Primary (Level 1) Cache and Cache Controller
All modern processors incorporate a small, high-speed cache built right onto the chip. This is designed to hold recently-used data and instructions received from memory. A computer science principle called locality of reference states that if the processor recently referred to a location in memory, it is likely that it will refer to it again in the near future. Using a cache to hold recently used memory values saves the processor from going to memory each time to reload them, thus making the system faster. This provides a significant performance boost, because main memory is much slower than the processor’s cache.
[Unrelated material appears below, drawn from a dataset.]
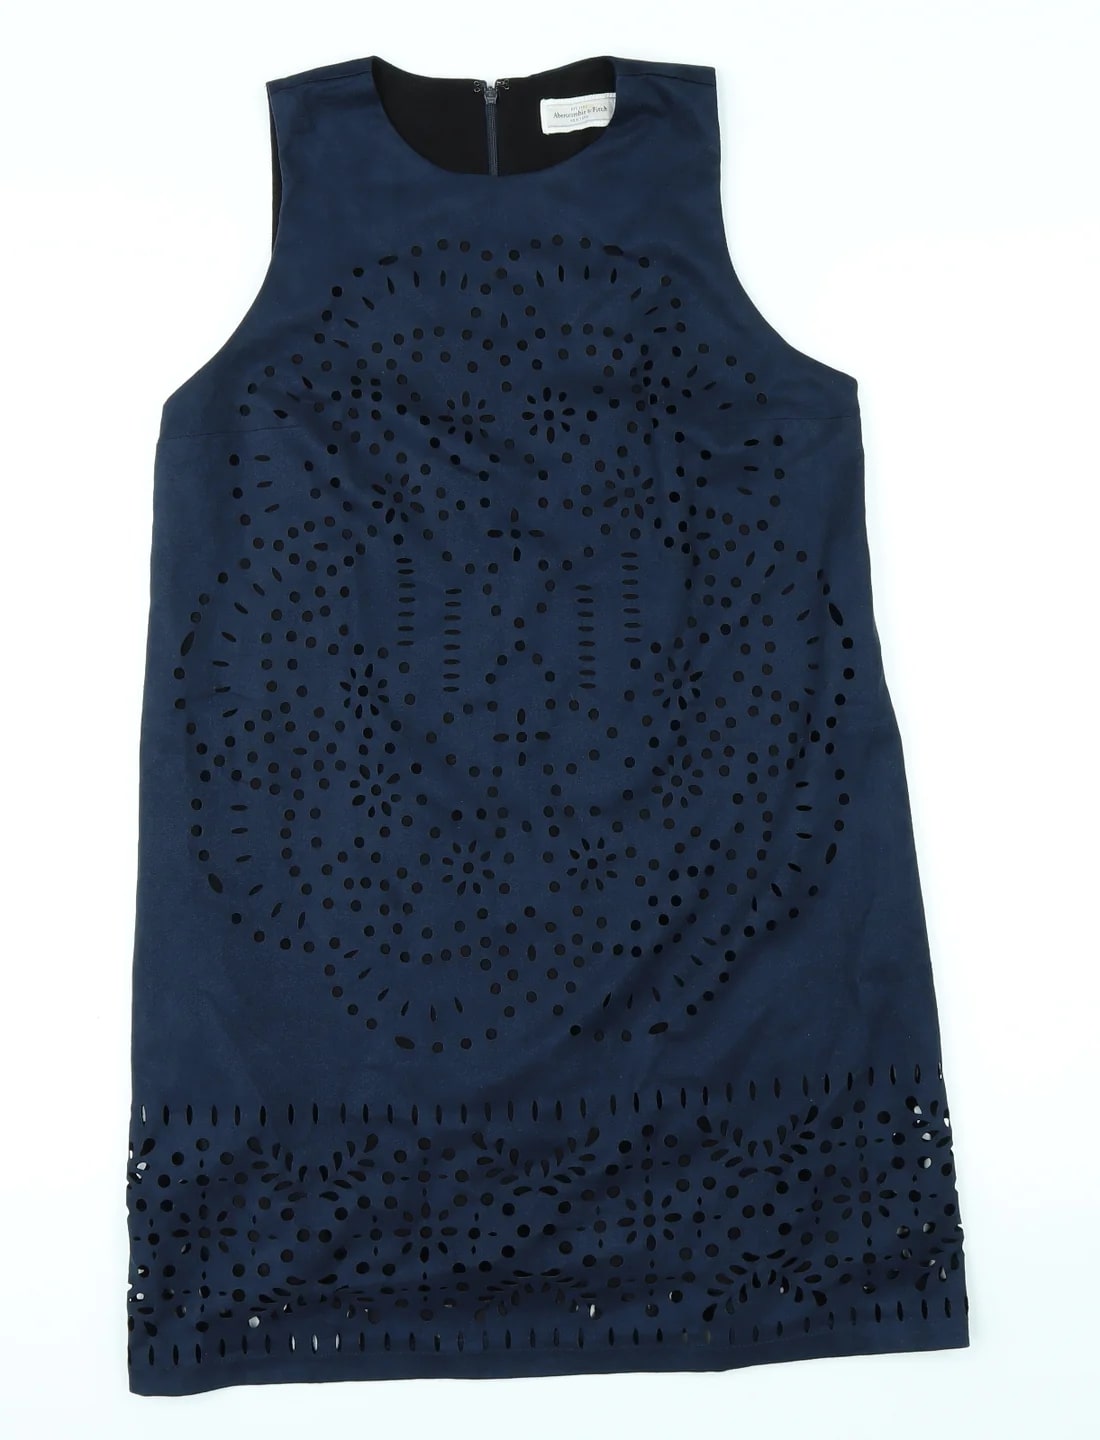 ABERCROMBIE & FITCH Womens Blue Pencil Dress Size M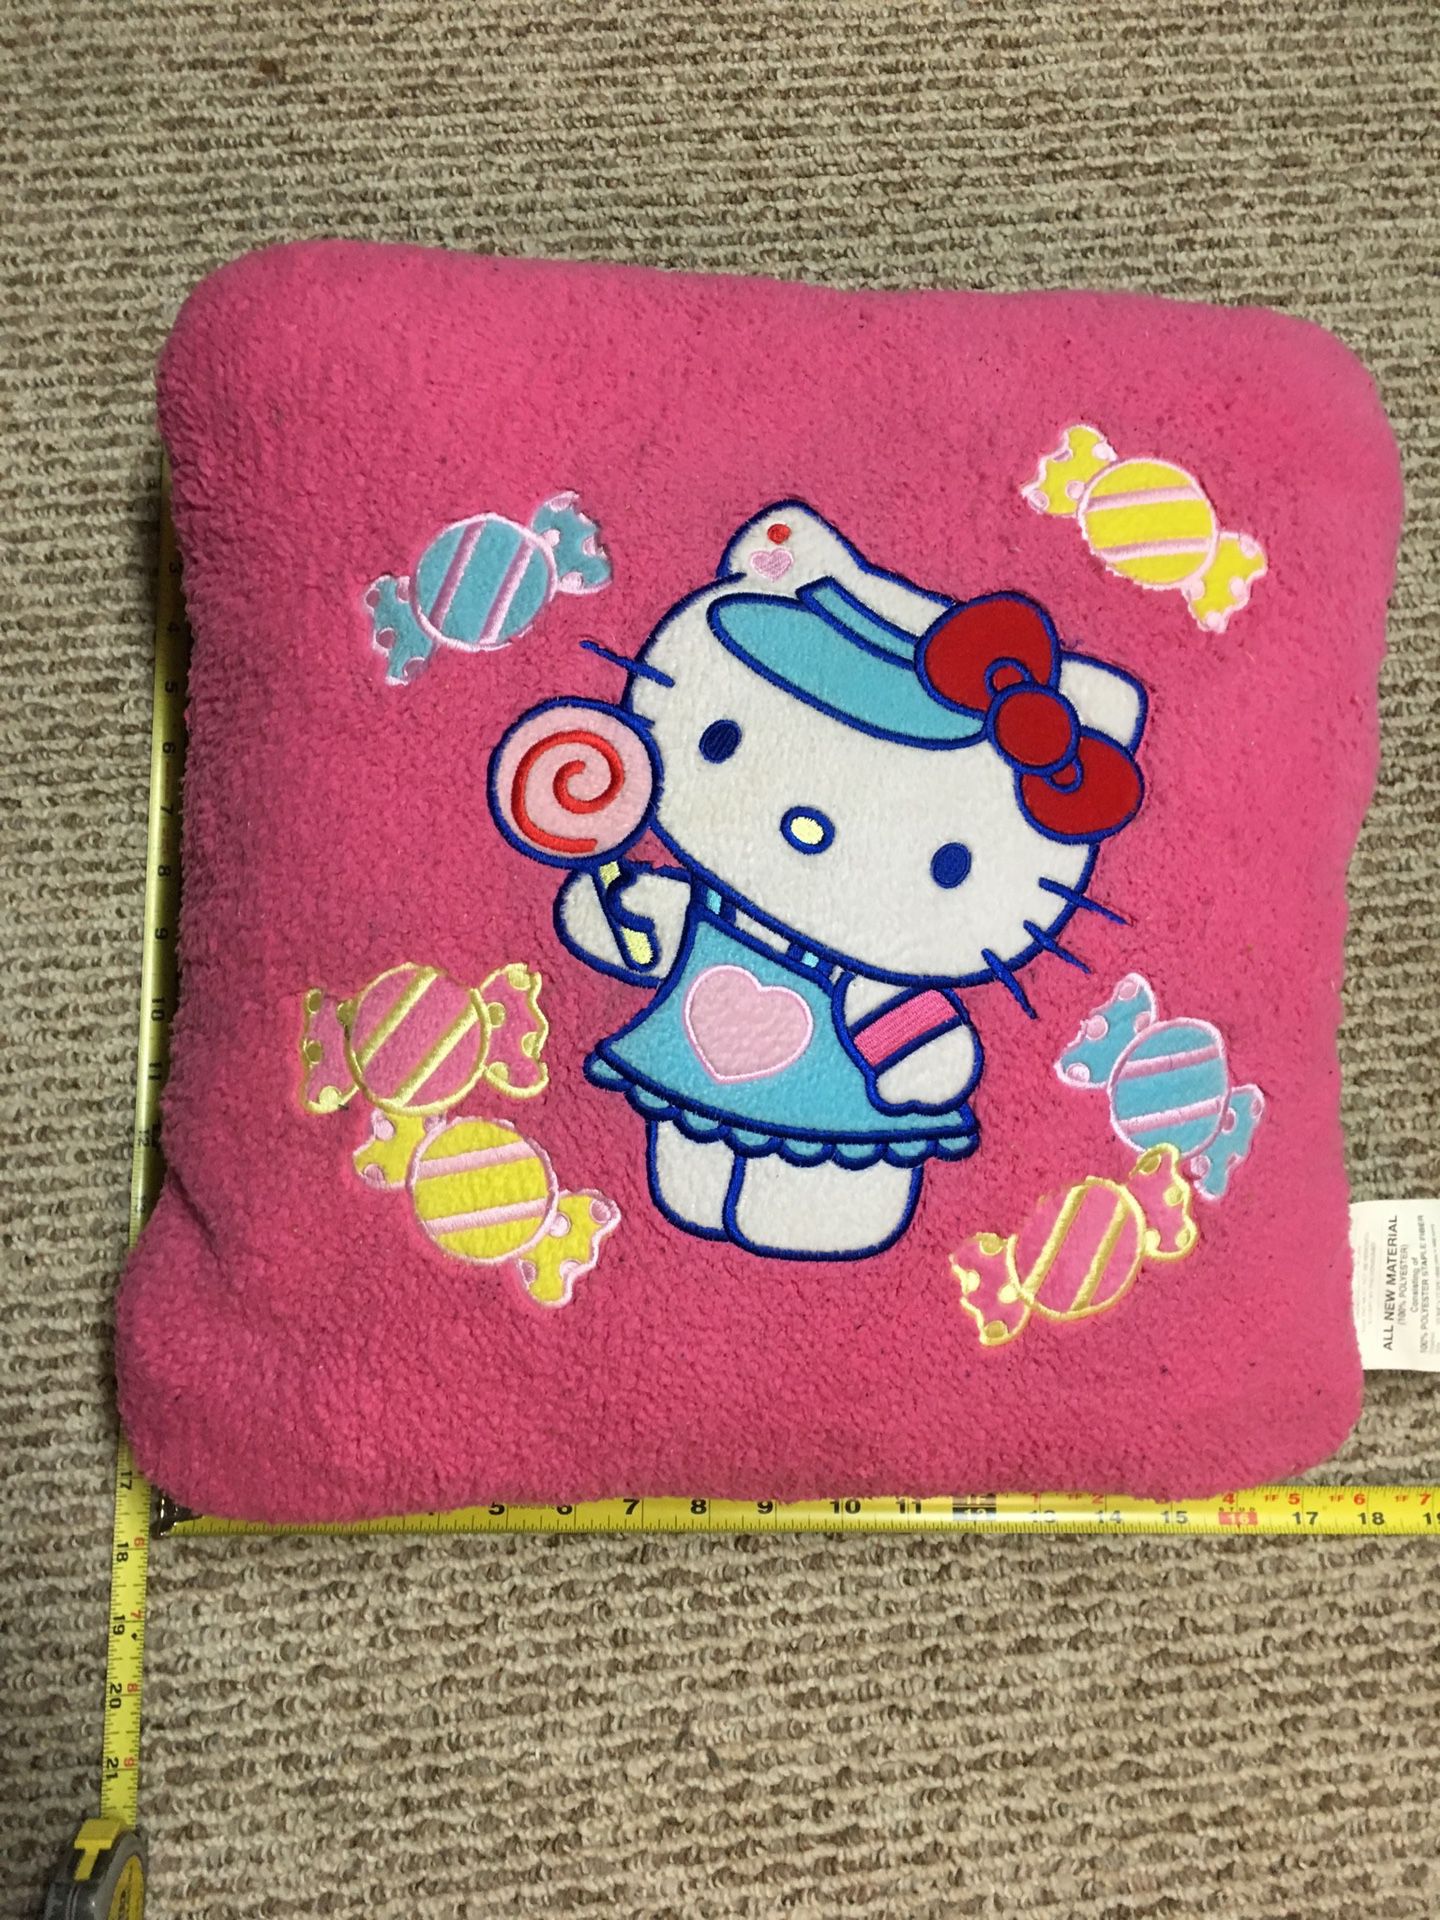 Hello Kitty pajamas, hat, pillow

The cache on the processor is called primary (or level 1) because it is the cache closest to the processor. Each time the processor requests information from memory, the cache controller on the chip uses special circuitry to first check if the memory data is already in the cache. If it is, then the system is spared a time consuming access to the main memory. Most computers also use a secondary or level 2 cache, to some of this recently used data that doesn’t fit in the smaller primary cache.
A full explanation of cache principles, the different levels of caching in a PC and caching protocols and technologies, can be found in our Performance Center under processors. The principles of operation of the primary and secondary caches are similar, however the actual technology used for primary and secondary caches is of course different, as are their sizes and speeds.
The typical processor primary cache ranges in size from 8 KB to 256 KB, with larger amounts on the newer processors reaching 2 gigabytes. Older processors (386 class and earlier) have no primary cache at all. The majority of these caches are very fast because they run at the full speed of the processor and are integrated into it.
Processors can organize their primary cache in two different ways. Some processors have a single cache with which to handle both command instructions and program data, which is referred to as a unified cache. Some processors have separate data and instruction caches. In some cases the capabilities of the data and instruction caches may be slightly different, as in the Pentium processor. The Pentium data cache can use the write-back write policy, whereas the instruction cache is write-through only. The overall performance difference between integrated and separate primary caches is not significant.
You may find that a unified cache is also referred to as an integrated cache, however it is not to be confused with the integrated secondary cache of the Pentium Pro and later Pentium II, III and Pentium IV processors. Integrated, in the context of these later processors means that the secondary cache is in the same package as the chip itself.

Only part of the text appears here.